How do I simply this equation further, in order to get the parameter I'm looking for?

40 Views Asked by At

I have a machine learning model. I want to find the critical point, at which the cost function converges. So I took it's derivative, set it equal to zero. I want to simplify it and find the optimal $w$.

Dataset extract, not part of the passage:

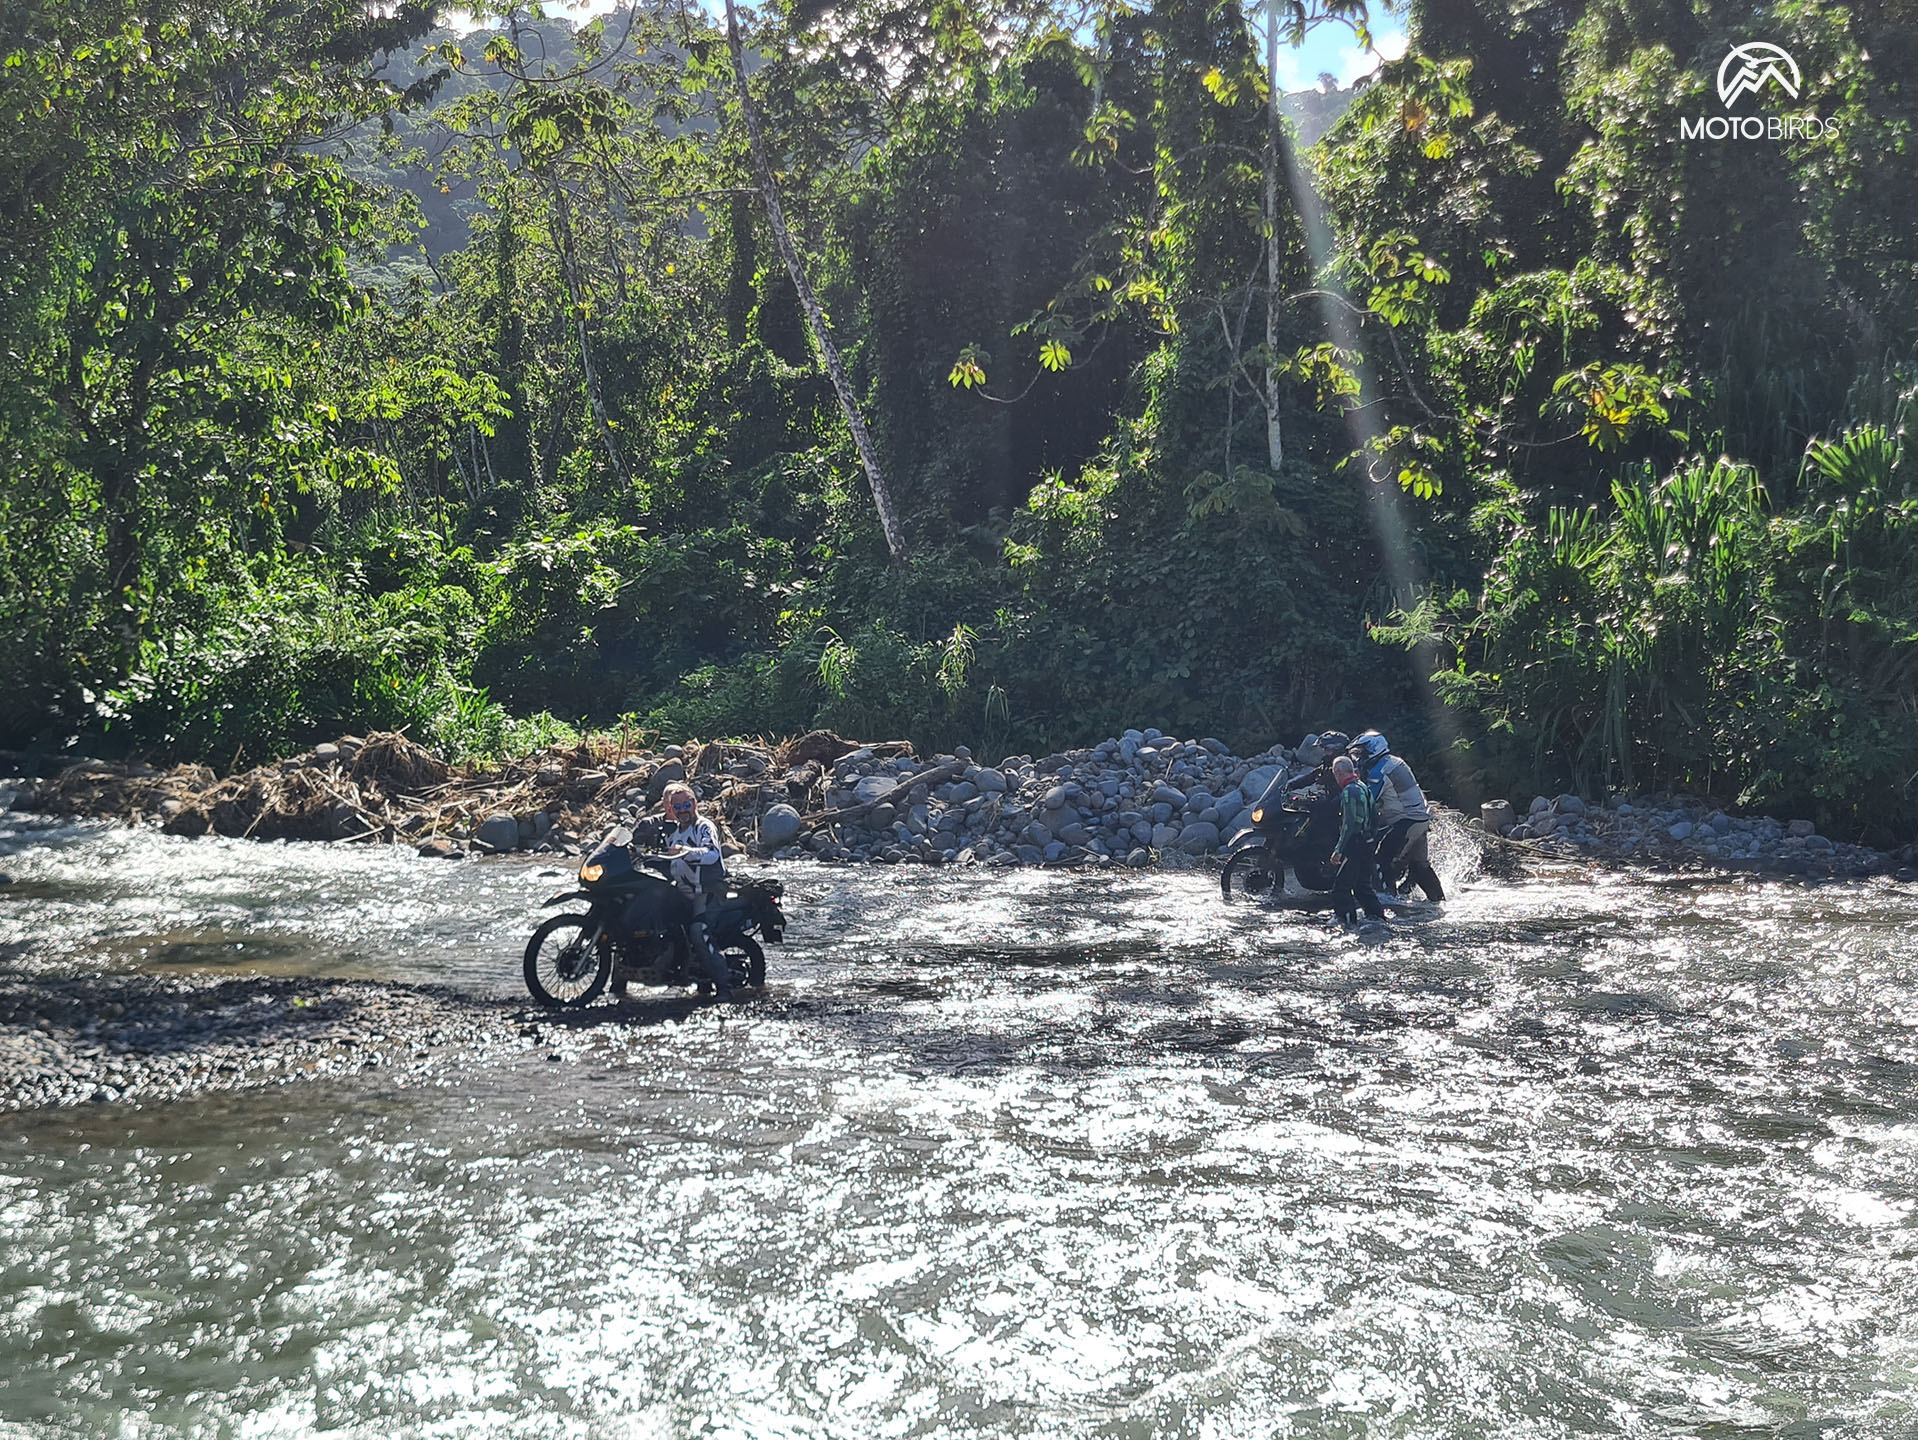 Motorcycle expedition to Costa Rica organized by MotoBirds

This is what I've done so far.

The equation is: $$\frac{\partial L}{\partial w} = -\frac{2}{n}\sum_{i=1}^n x_i (y_i - x_i^T w) = 0$$

Solving step by step like this:

multiply both sides

$$\frac{2}{n}\sum_{i=1}^n x_i (y_i - x_i^T w) = 0 * \frac{n}{2}$$

$$\sum_{i=1}^n x_i y_i - \sum_{i=1}^n x_i x_i^T w= 0$$

$$\sum_{i=1}^n x_i y_i = \sum_{i=1}^n x_i x_i^T w$$

$w$ becomes a row vector to preserve the right orientation, so I transposed it:

$$\sum_{i=1}^n y_ix_i = w^T(\sum_{i=1}^n x_i x_i^T)$$

And this is where I stopped. How do I simplify it more, in order to get the $w$ ? Please I also need some explenations of the steps you provide, in order for me to understand and put the pieces together.

EDIT:

I multiplied both sides by the equation $(\sum_{i=1}^n x_i x_i^T)^{-1}$, so we get $$(\sum_{i=1}^n x_i x_i^T)^{-1} \sum_{i=1}^n y_ix_i = w^T(\sum_{i=1}^n x_i x_i^T)(\sum_{i=1}^n x_i x_i^T)^{-1}$$

So now how do I get $w$? thanks!